Understanding Quantization (Quick Version)
Quantization reduces the numerical precision used to store model weights, trading a small amount of quality for dramatically lower memory requirements.
| Format | Bits/Weight | Quality | Use When |
|---|---|---|---|
| Q2_K | ~2.6 | Noticeably degraded | Only when nothing else fits |
| Q3_K_M | ~3.4 | Usable, some degradation | Tight VRAM, large models |
| Q4_K_M | ~4.5 | Good — common sweet spot | Default for most users |
| Q5_K_M | ~5.7 | Very good | When you have headroom |
| Q6_K | ~6.6 | Excellent, near-lossless | High VRAM, max quality |
| Q8_0 | 8.0 | Effectively lossless | When VRAM isn't a constraint |
The practical guidance: Q4_K_M is the default. It's the community standard for good reason — it cuts memory requirements roughly in half versus Q8 with minimal quality impact for most tasks. If you have headroom, step up to Q5_K_M or Q6_K. Only drop below Q4 if a model genuinely won't fit otherwise.
For a full technical breakdown, see our quantization guide.
How to Get Started in 3 Minutes
The easiest way to run local models is Ollama — it handles model downloads, quantization selection, and provides an OpenAI-compatible API.

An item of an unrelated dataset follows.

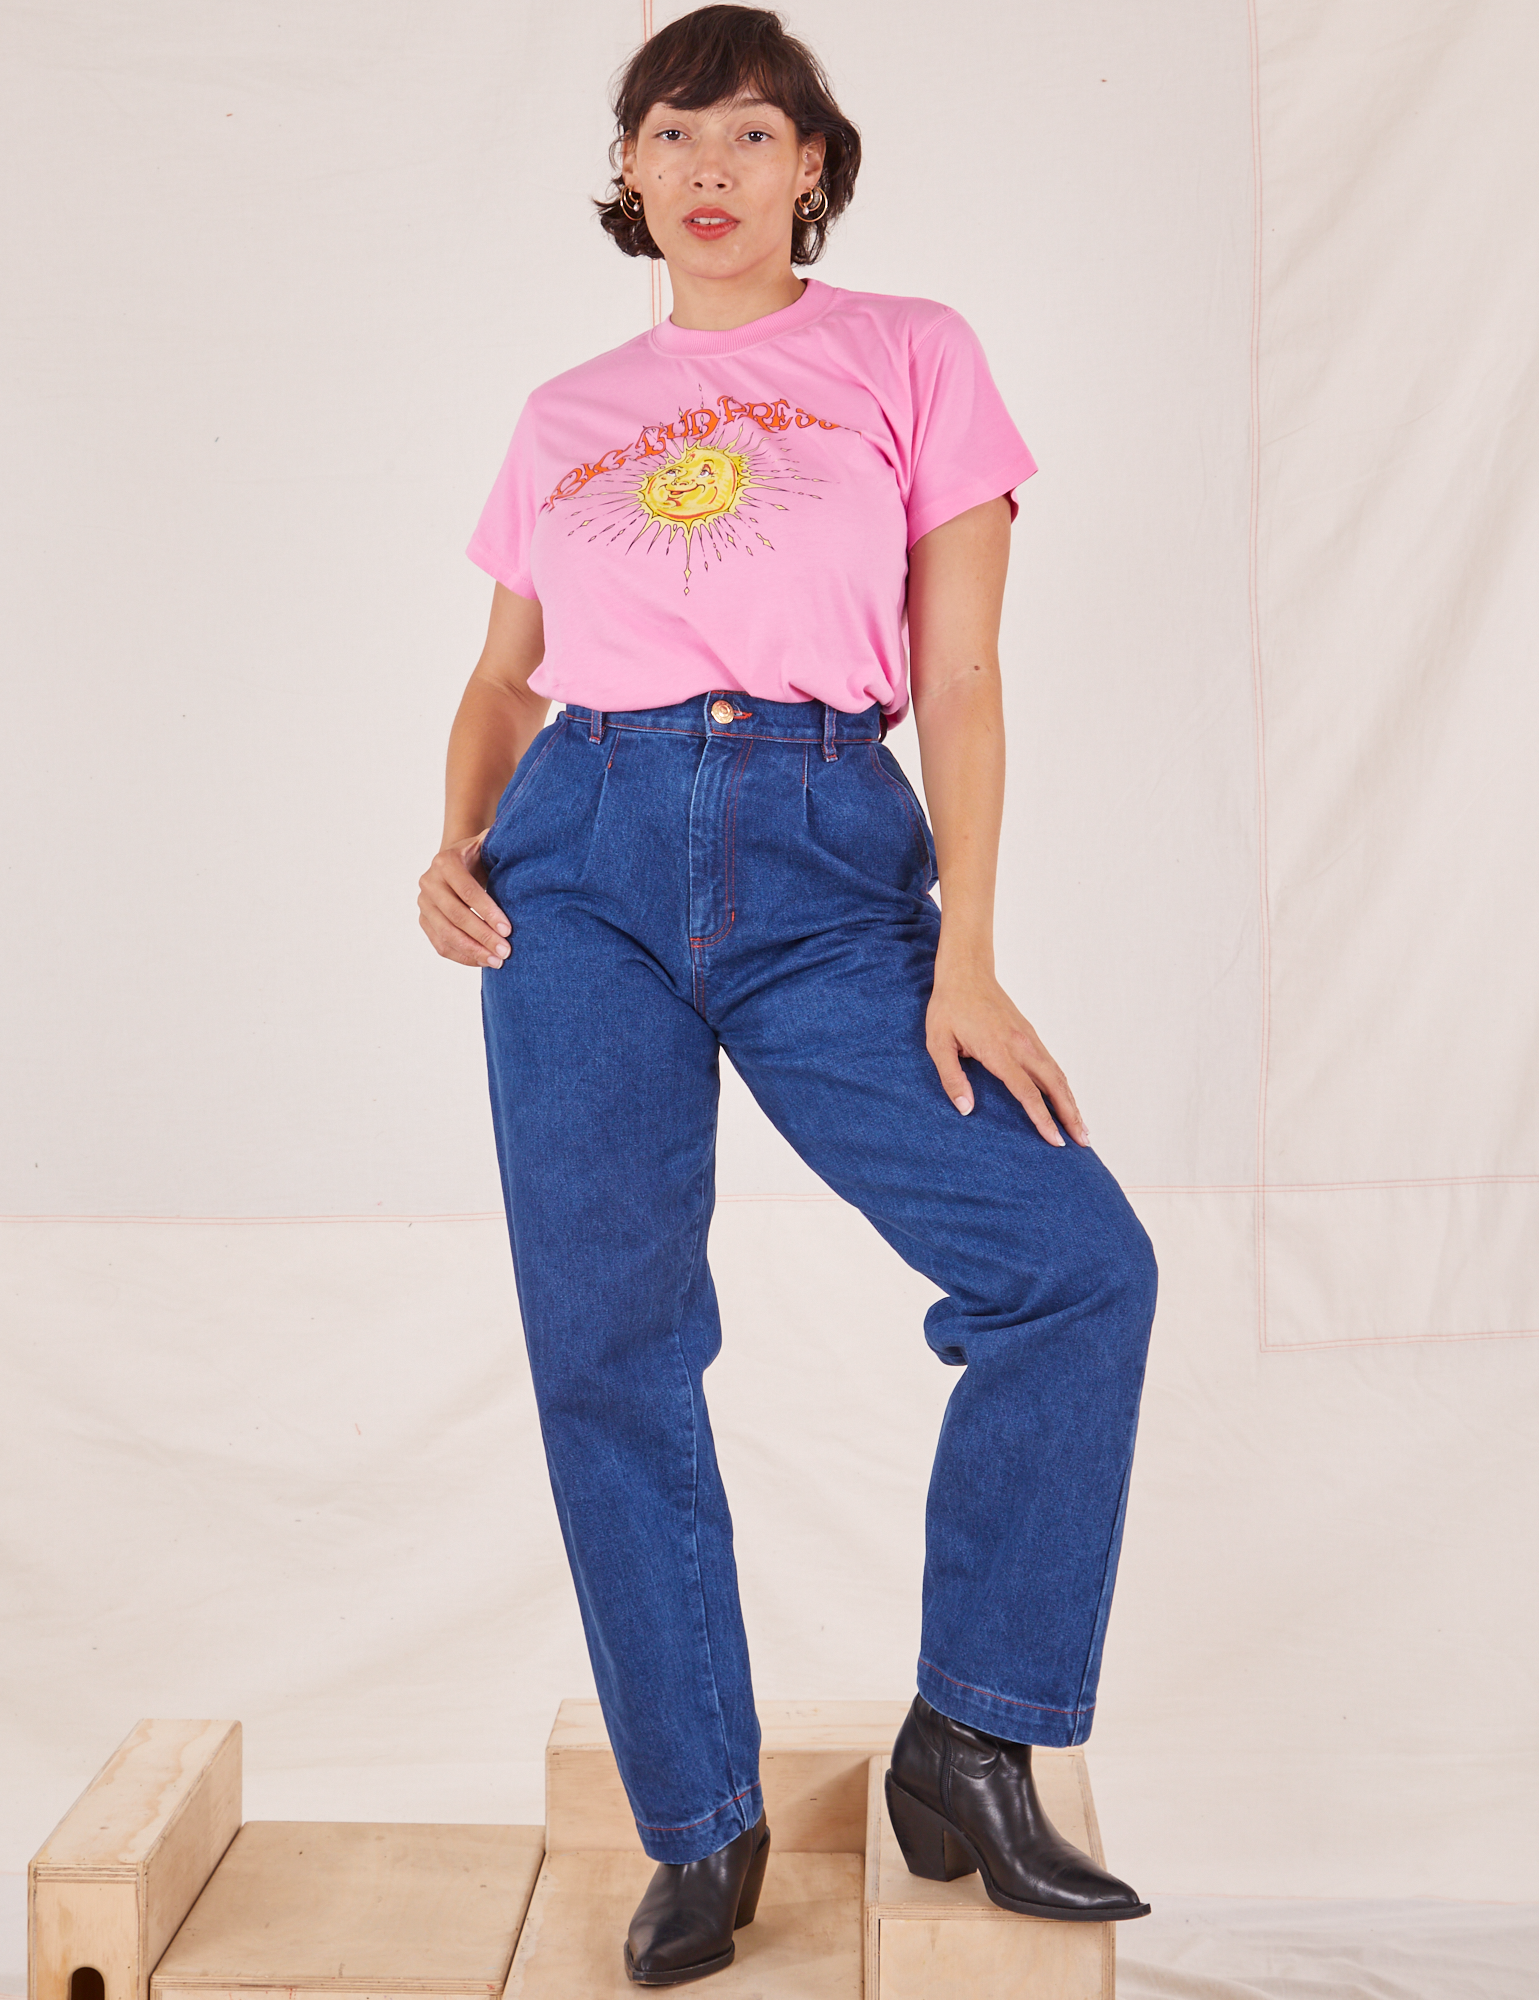 Tiara is wearing Sun Baby Organic Tee in Bubblegum Pink and dark denim Trouser Jeans
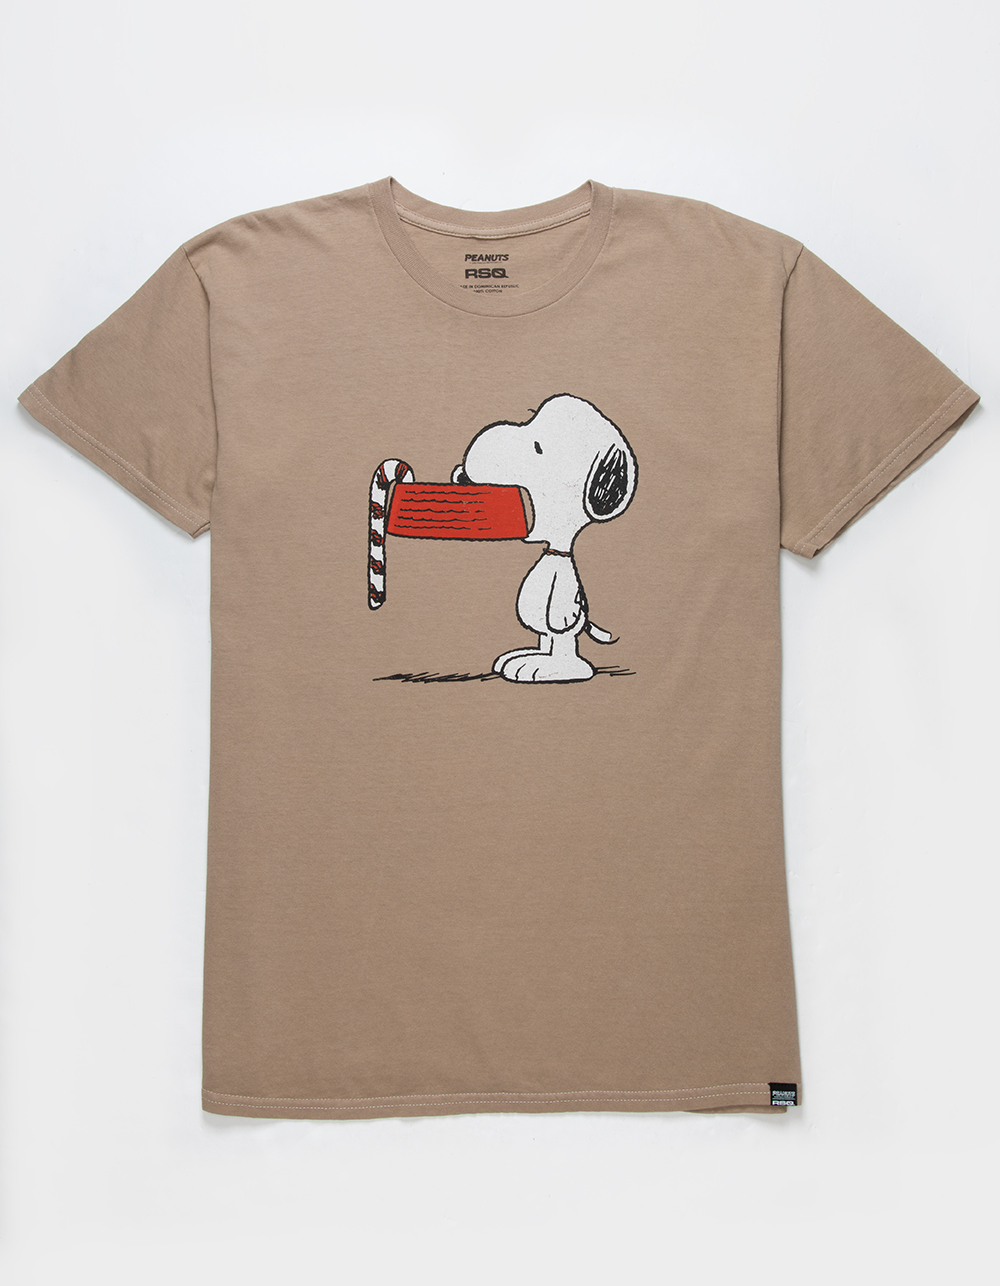 Peanuts' Snoopy 2 Piece Jogger Set for Boys, Short Sleeve Shirt

Install Ollama (Linux/Mac):
curl -fsSL https://ollama.com/install.sh | sh
Run your first model:
# For 8GB VRAM
ollama run llama3.1:8b
# For 12GB VRAM
ollama run qwen3:8b
# For 24GB VRAM
ollama run qwen3:30b-a3b
# For reasoning tasks (12GB+)
ollama run deepseek-r1:7b
Ollama automatically selects an appropriate quantization for your hardware. After the first run, models are cached locally — subsequent starts take seconds.
Use it as an API:
curl http://localhost:11434/api/generate -d '{
"model": "llama3.1:8b",
"prompt": "Explain the difference between RAG and fine-tuning",
"stream": false
}'
This API is compatible with most tools that support OpenAI's format — including Continue.dev for VS Code, Open WebUI, and dozens of others.
Alternatives worth knowing:
- LM Studio — GUI-first, great for non-technical users, excellent model browser
- llama.cpp — the underlying engine, most control, slightly more setup
- Jan — open-source ChatGPT alternative, runs locally
Get a Personalized Recommendation
The VRAM tiers above are useful starting points, but the actual question is what works best for your specific GPU. Factors like memory bandwidth, compute architecture, and available system RAM for offloading all affect real-world performance.
Use our VRAM Calculator to enter your exact hardware and get ranked model recommendations with estimated performance. You can also compare two models side-by-side to see how they differ on your hardware.
The local AI ecosystem moves fast. Models that required 24GB last year now fit in 12GB due to improved quantization techniques and more efficient architectures. If you haven't looked at what's possible in the last six months, you'll likely be pleasantly surprised by what your hardware can handle today.